Show HN: Bender – Let's Standardize Serverless ETL
engblog.nextdoor.comETL stands for Extract, Transform and Load. So this is a data pipeline framework. Nextdoor please put that in your blog post as I do not believe it is a very common acronym.
It's not that uncommon, especially in data science/analytics/engineering. I've definitely heard "ETL" more often that data pipeline or analytics pipeline.
This is a nice list[0] of ETL software.
Not uncommon in the ERP/Enterprise/Business computing either. (I say that while I'm working on just such a project for a food distributor).
It is an extremely common acronym.
It's an extremely common acronym in a small niche. So while you're right, sort of, it's still worth clarifying when posted to a more general site.
It’s not a small niche.

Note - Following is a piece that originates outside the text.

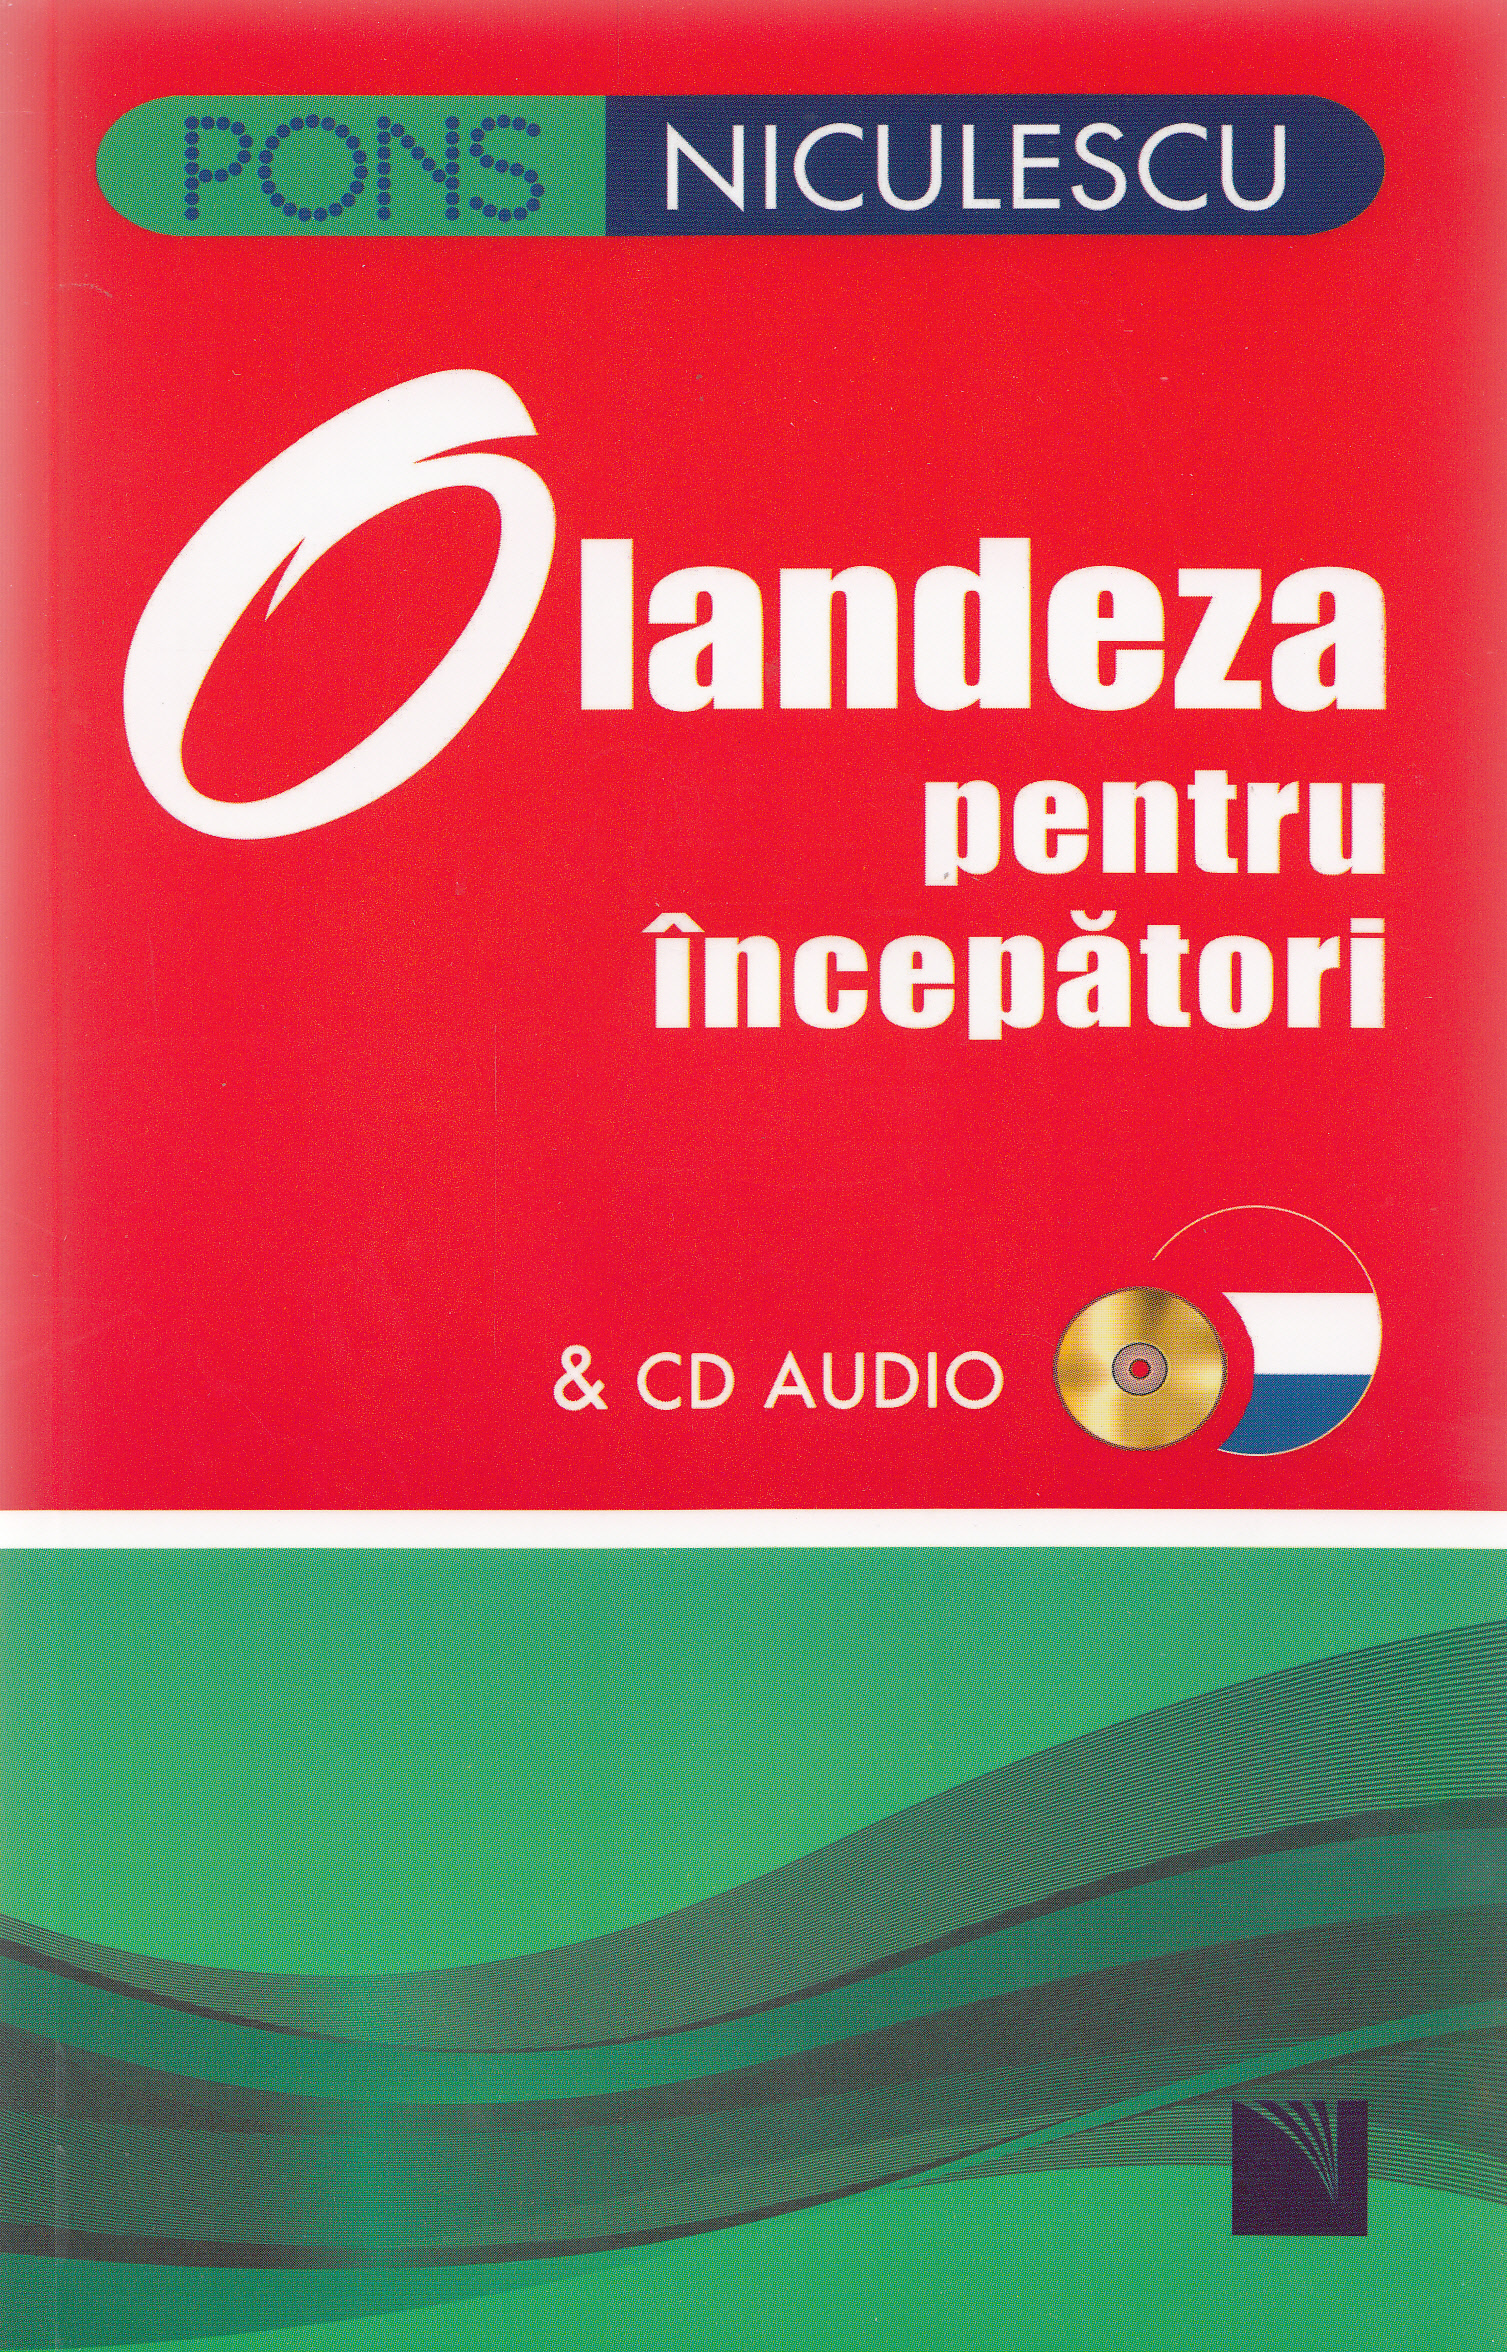 Pons olandeza pentru incepatori cu CD audio

Search any job board and ETL will show up in a large presentage of job posts and resumes related to software QA and data validations.
HTML does have the <ABBR> tag. How hard is it to do?
Even once?<abbr title="Extract, Transform, Load">ETL</abbr>I was not disagreeing with the recommendation. It’s almost always a good idea to spell out an acronym/initialization on first use.
It is the kind of acronym that is known by anyone who needs it, modulo those two random people somewhere in the world who just discovered today that they need it but haven't googled the problem yet.
Admittedly, it is also the sort of acronym that, when you don't know it, is really annoying in a headline.
I'll leave you with a link to Wikipedia [1]. ETL goes back a long, long way, and is still commonly used all through the industry, except maybe in startups composed of all young, inexperienced people.
Thank you for pointing that out.
I would have myself made the mistakes of assuming the terms is ubiquitous and everyone already knows it. I have heard it used liberally at every job I've done in the last 15 years.
I would have termed it a "very very common acronym." Right up there with API.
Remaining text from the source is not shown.